### Exercise prompt
What is needed is an exact copy of the records below, without the pictures.

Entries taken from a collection
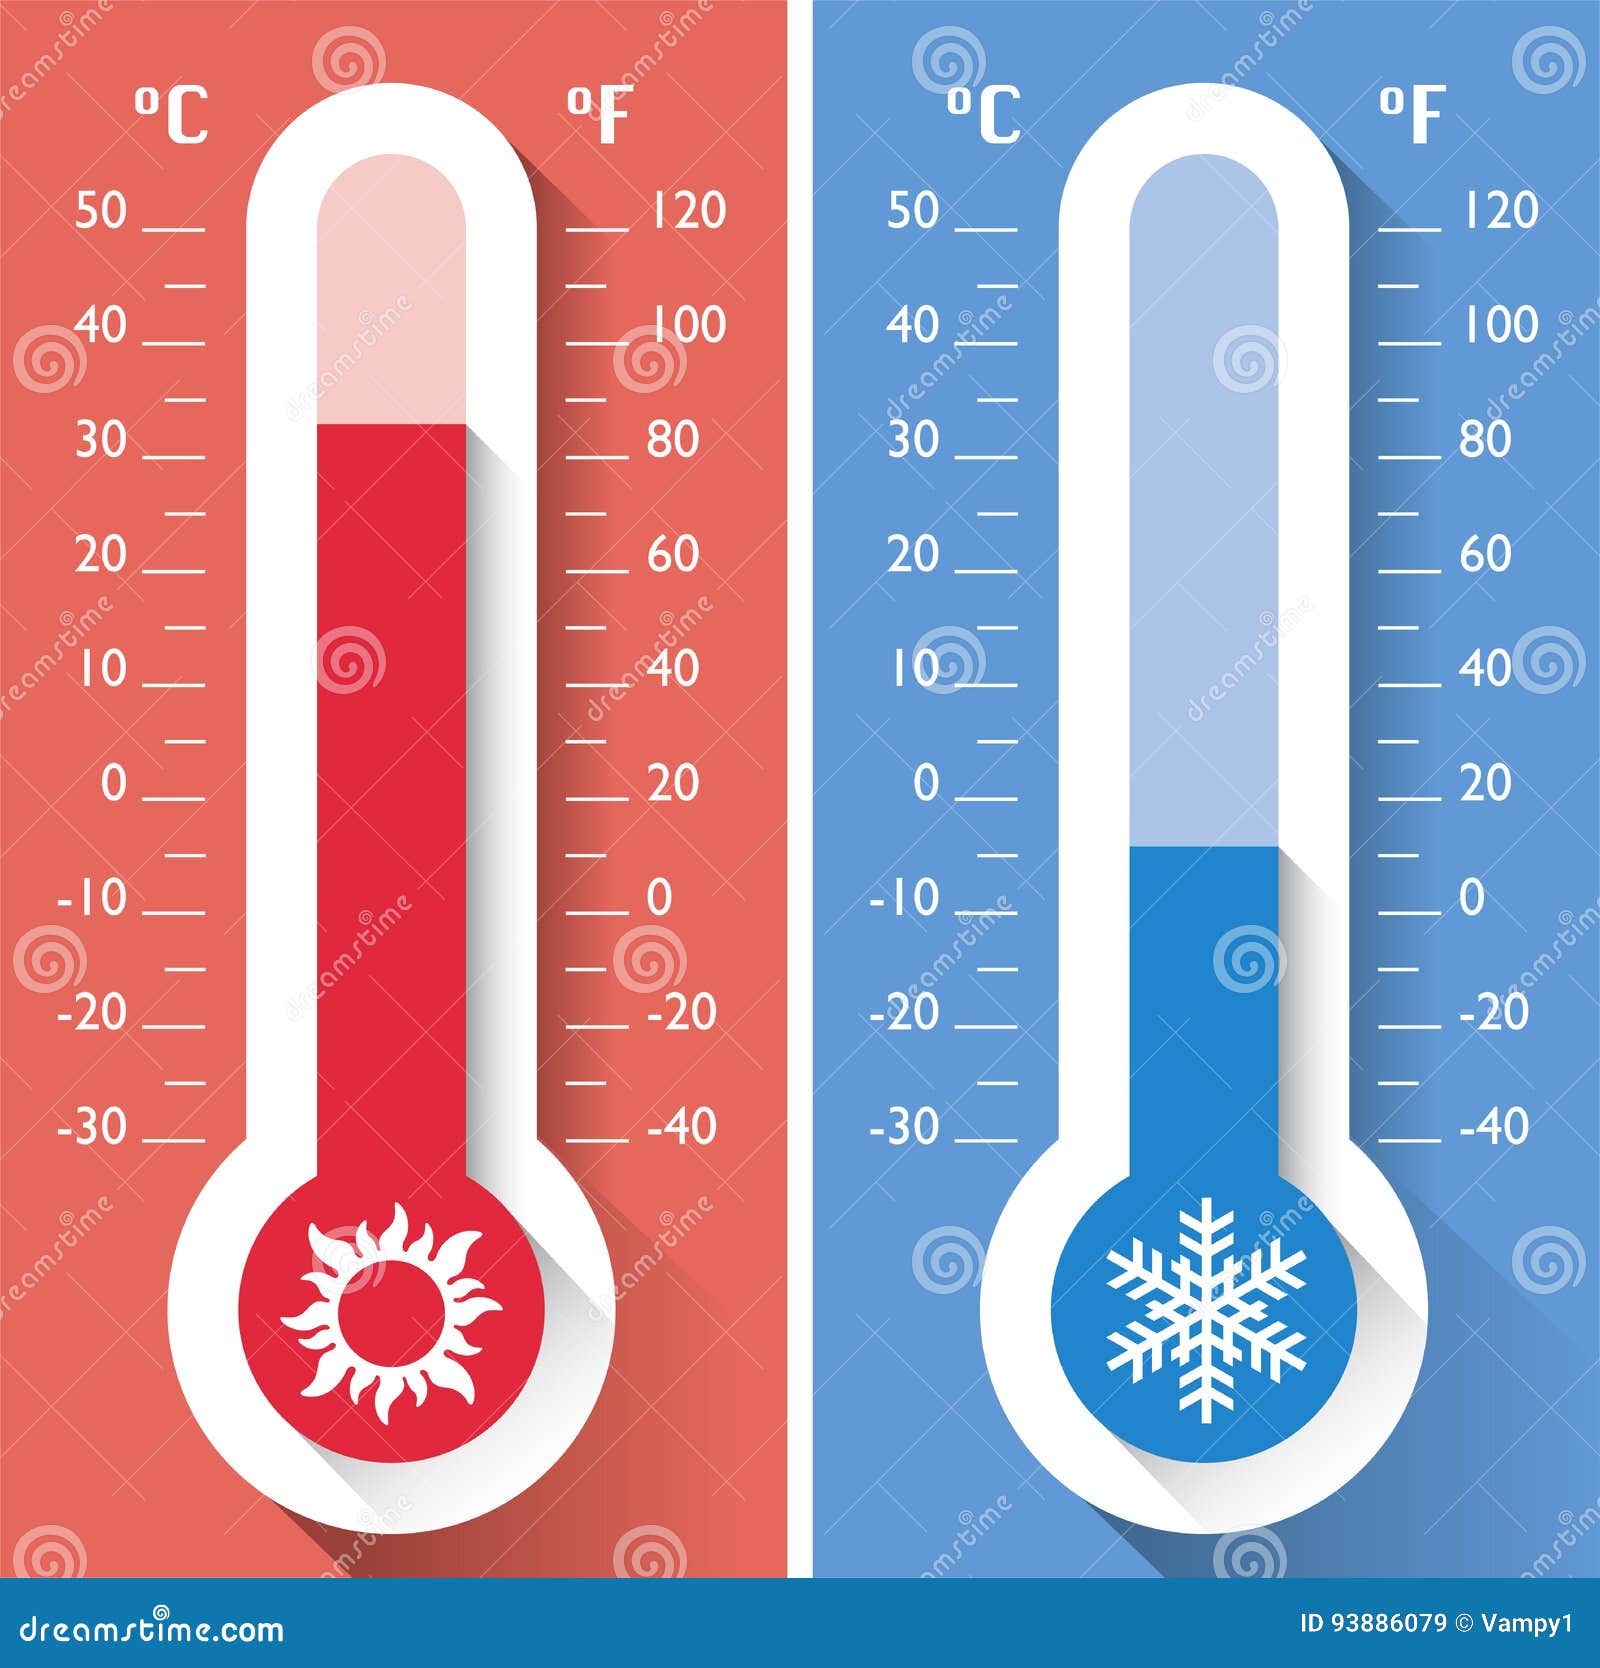 Le thermomètre instrument météo, découvrez tout ce qu'il faut
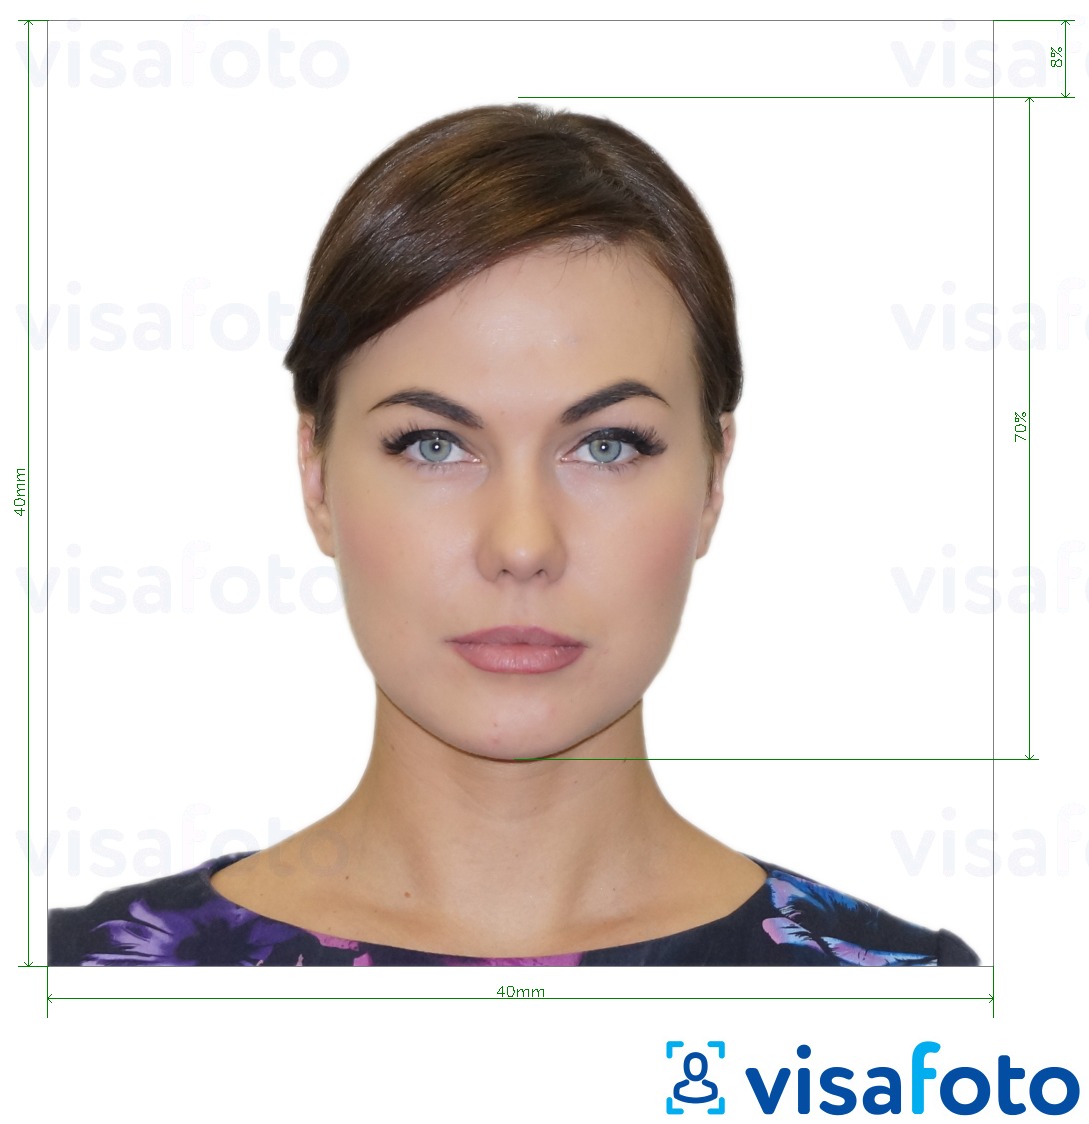 Voorbeeld van foto voor Argentijns visum 4x4 cm (40x40 mm) met exacte maatspecificatie
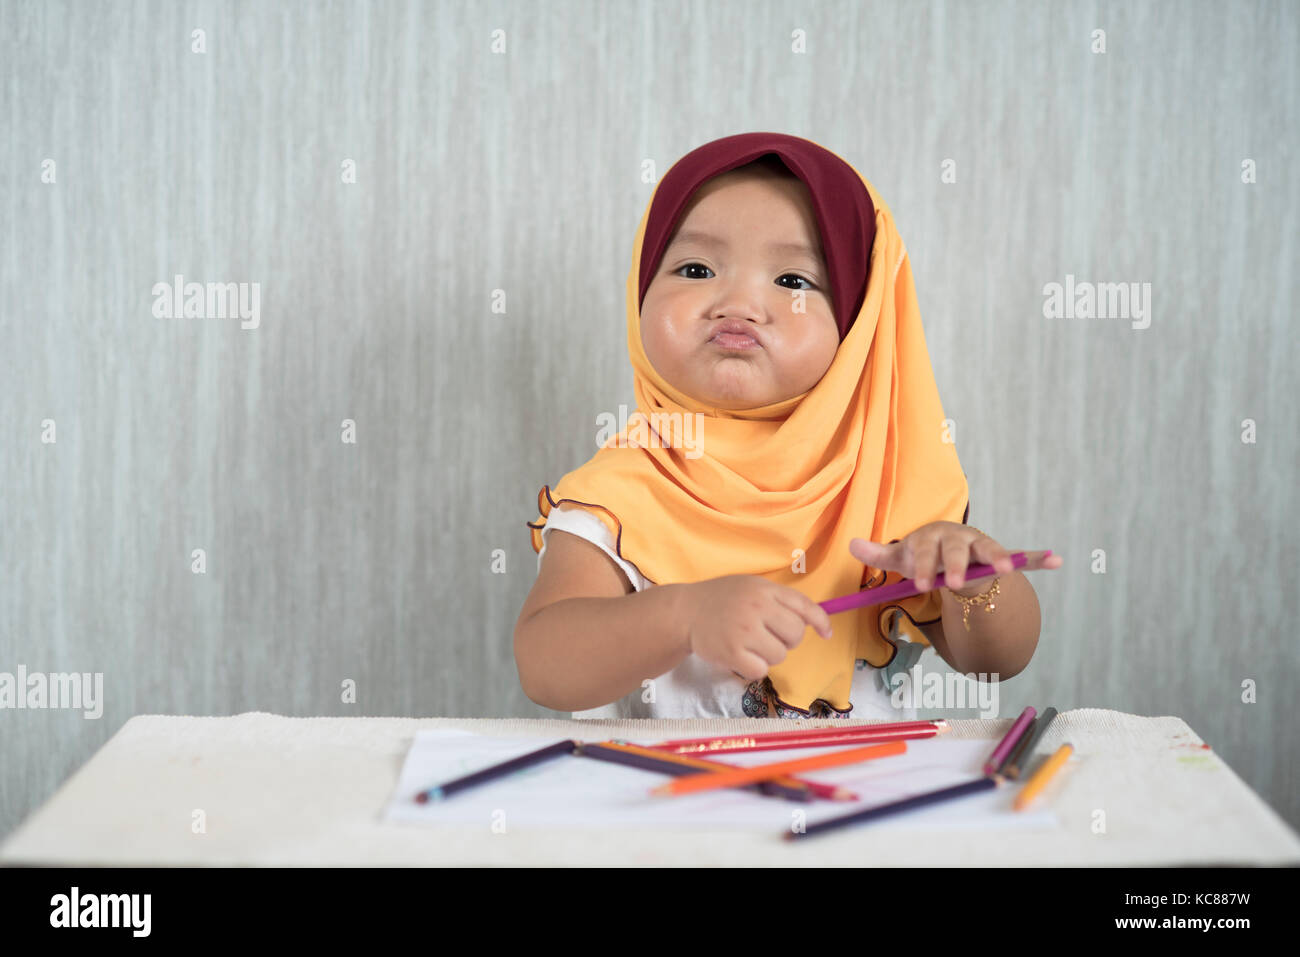 Tout-petits ASIE / baby girl wearing hijab est d'avoir plaisir à apprendre à utiliser des crayons tout en drôle de visage. L'éducation concept. smiling bébé / enfant Banque D'Images
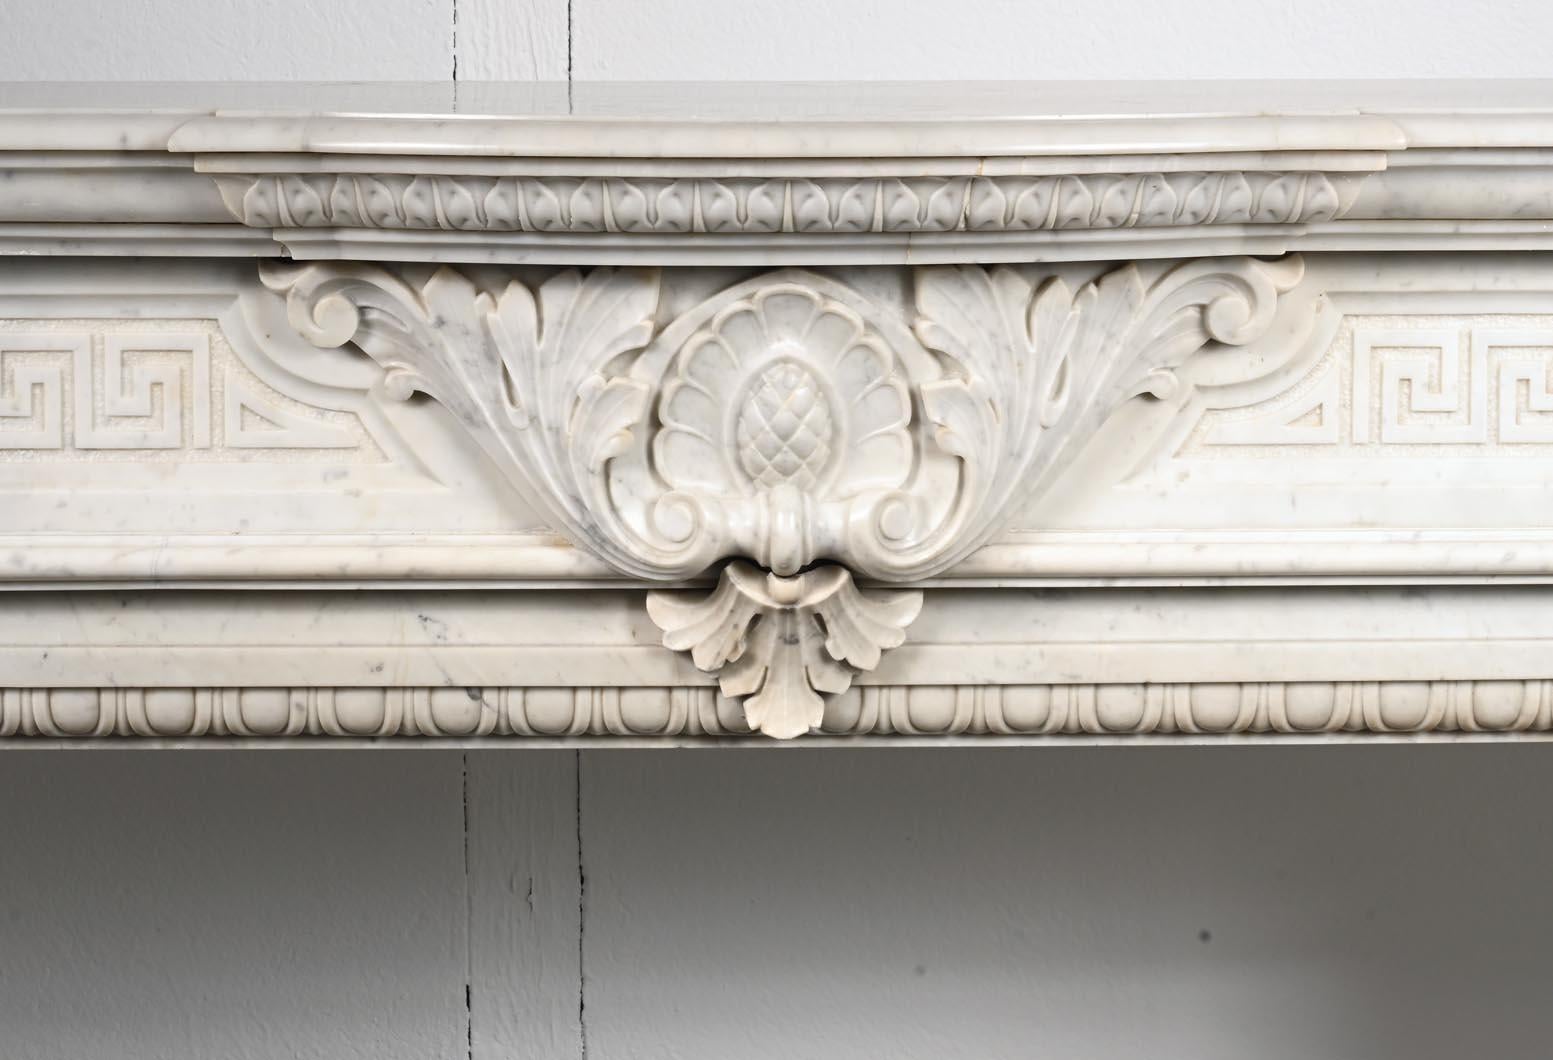 Dieser Kaminsims im Stil Napoleons III. wurde im 19. Jahrhundert aus Carrara-Marmor gefertigt. Die Mitte des Türsturzes ist mit einem großen Pflanzenmuster verziert, das eine stilisierte Zeichnung einer Blume umgibt. Auf beiden Seiten befindet sich
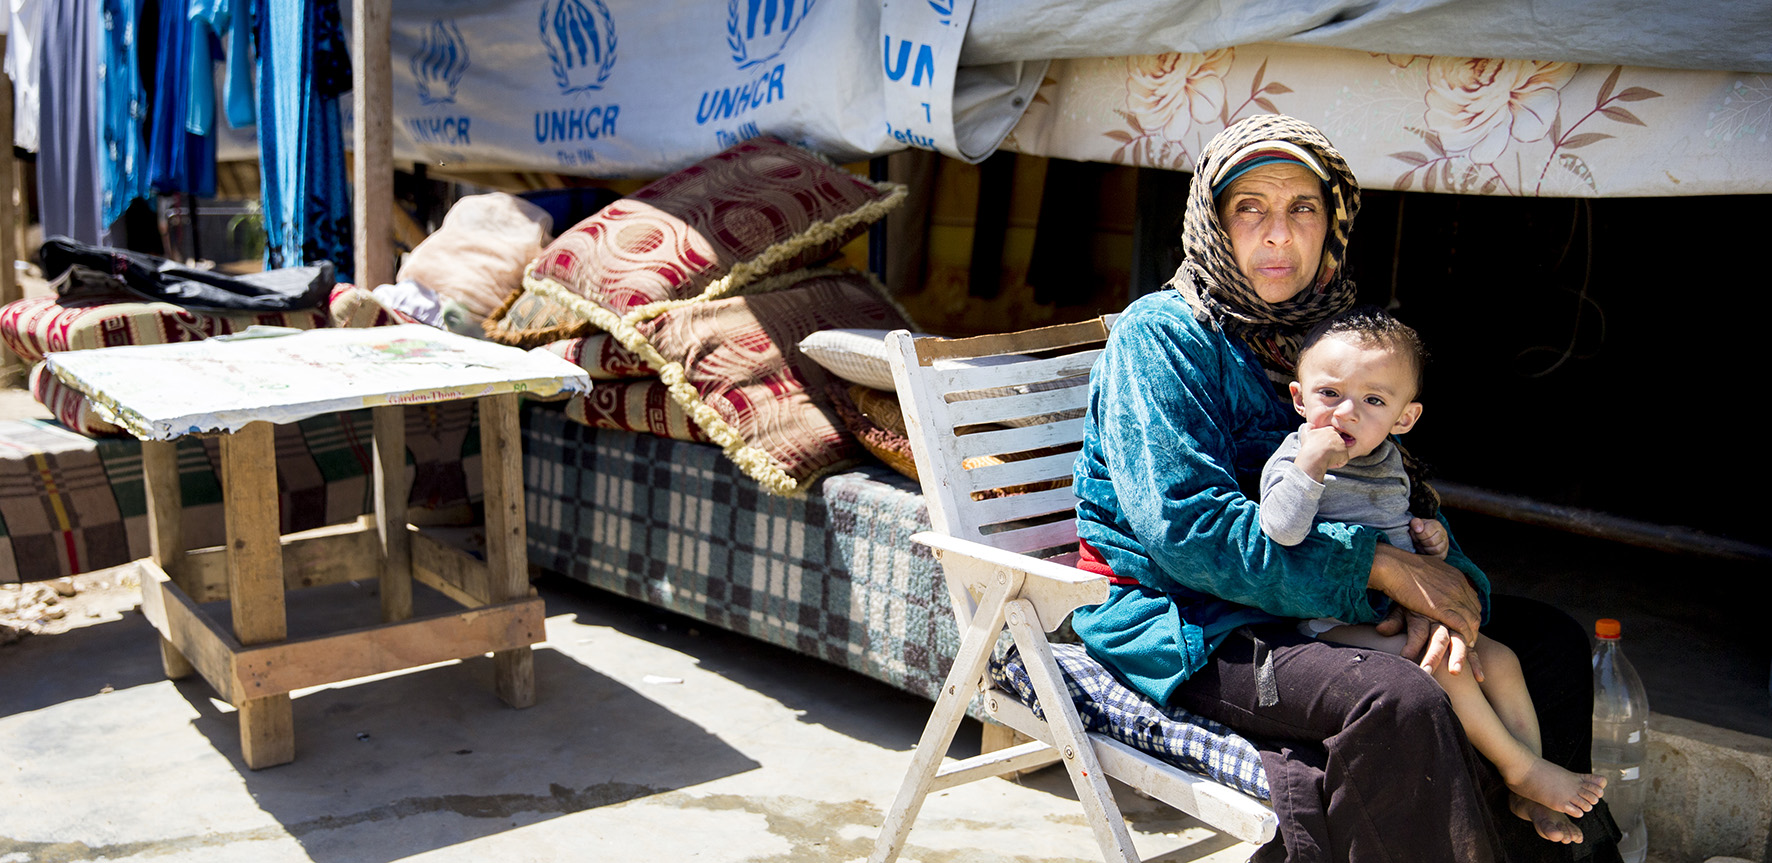 Op deze foto zie je een Syrische vluchtelinge met haar kind op schoot voor een tent.

### Problem solution
 Le thermomètre instrument météo, découvrez tout ce qu'il faut
 Voorbeeld van foto voor Argentijns visum 4x4 cm (40x40 mm) met exacte maatspecificatie
 Tout-petits ASIE / baby girl wearing hijab est d'avoir plaisir à apprendre à utiliser des crayons tout en drôle de visage. L'éducation concept. smiling bébé / enfant Banque D'Images
 Dieser Kaminsims im Stil Napoleons III. wurde im 19. Jahrhundert aus Carrara-Marmor gefertigt. Die Mitte des Türsturzes ist mit einem großen Pflanzenmuster verziert, das eine stilisierte Zeichnung einer Blume umgibt. Auf beiden Seiten befindet sich
 Op deze foto zie je een Syrische vluchtelinge met haar kind op schoot voor een tent.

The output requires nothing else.